Mortgage borrowers looking to capitalise on a possible base rate cut with a variable rate mortgage need to be careful that they are not hit by a hefty mortgage redemption penalty in the event that they decide to switch mortgage deals.
Research from Moneyfacts.co.uk has found that just 279 out of a total 842 variable rate mortgages currently available do not contain a product redemption penalty. A product redemption penalty is a charge that borrowers are required to pay if they redeem the mortgage before the initial rate expires, for example, for the first two years, borrowers would be charged 4% of the outstanding balance.
Some variable rate mortgage deals that have a redemption penalty allow borrowers to move from a variable rate mortgage to a fixed rate mortgage with the same provider without charging the additional fee – this is known as a ‘switch and fix’ or a ‘drop-lock’ feature. Research from Moneyfacts.co.uk found that 47 variable rate mortgages, most with an early redemption penalty, carry a ‘switch and fix’ or a ‘drop-lock’ feature.
Variable mortgage rate redemption analysis
|All variable rate mortgages||No redemption penalty||With a redemption penalty||With an extended redemption penalty (beyond initial rate period)|
|Number of products||842||279||482||81|
Darren Cook, finance expert at Moneyfacts.co.uk, said: “Variable interest rate mortgages that do not contain a redemption penalty open up an option to those borrowers who think that they may benefit from a potential fall in the Bank base rate, but also want the flexibility to redeem their mortgage without a hefty penalty and move to a fixed rate deal if base rate moves steeply in the opposite direction.

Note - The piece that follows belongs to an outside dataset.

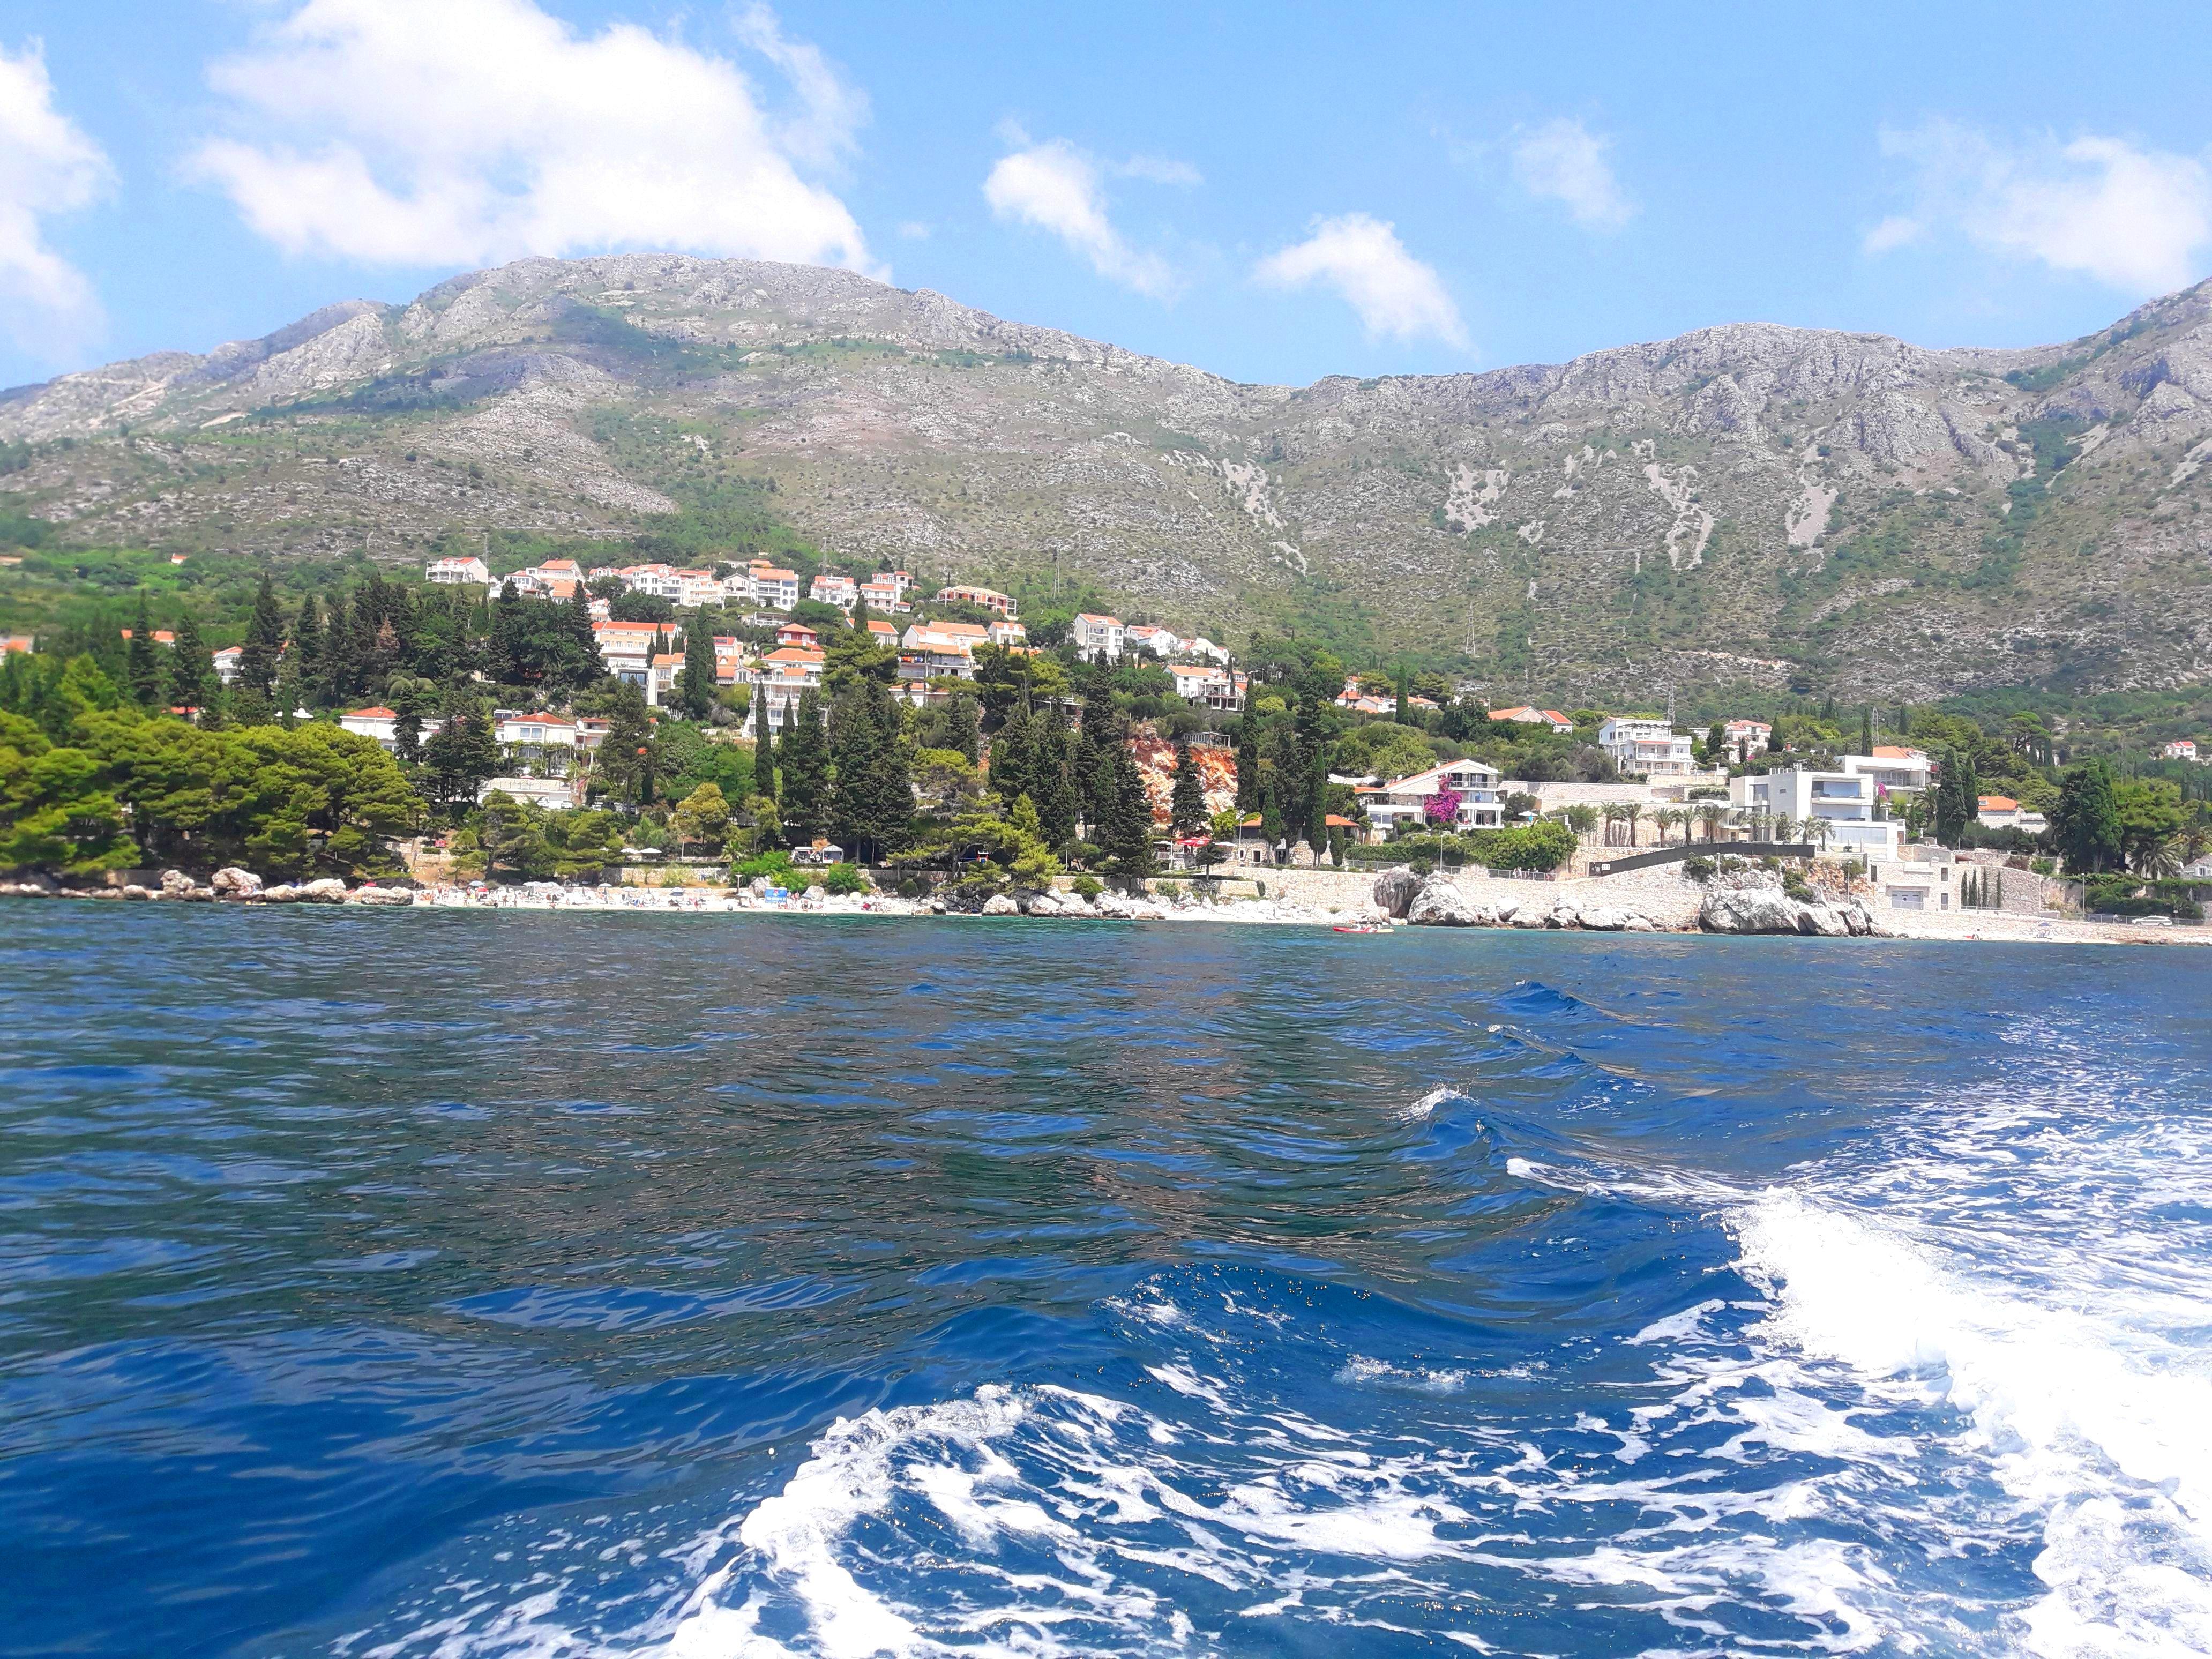 Dubrovnik Riviera (Zupa Dubrovacka)

“New mortgage products that contain no redemption penalties generally charge a higher interest rate than their counterparts that do apply a penalty. As an indication, the average rate of all variable rate mortgages with a redemption penalty is currently 2.67%, while the average rate for no-penalty products is 3.01% – some 0.34% higher.
“Mortgage products with a switch and fix or drop-lock feature, allowing a borrower to switch to one of their existing lender’s fixed rate products, is the next level down from having full mortgage redemption flexibility on a product. Therefore, a borrower can move from a variable to a fixed rate mortgage when there appears to be a threat of prolonged interest rate increases, but the fixed rate products need to be from their existing borrower’s range. This may offer some welcome flexibility, without necessarily paying a higher rate of interest in order to avoid a hefty penalty to move away from a less favourable rate during a period in which economic predictions are proving near-impossible.”
Information is correct as of the date of publication (shown at the top of this article). Any products featured may be withdrawn by their provider or changed at any time.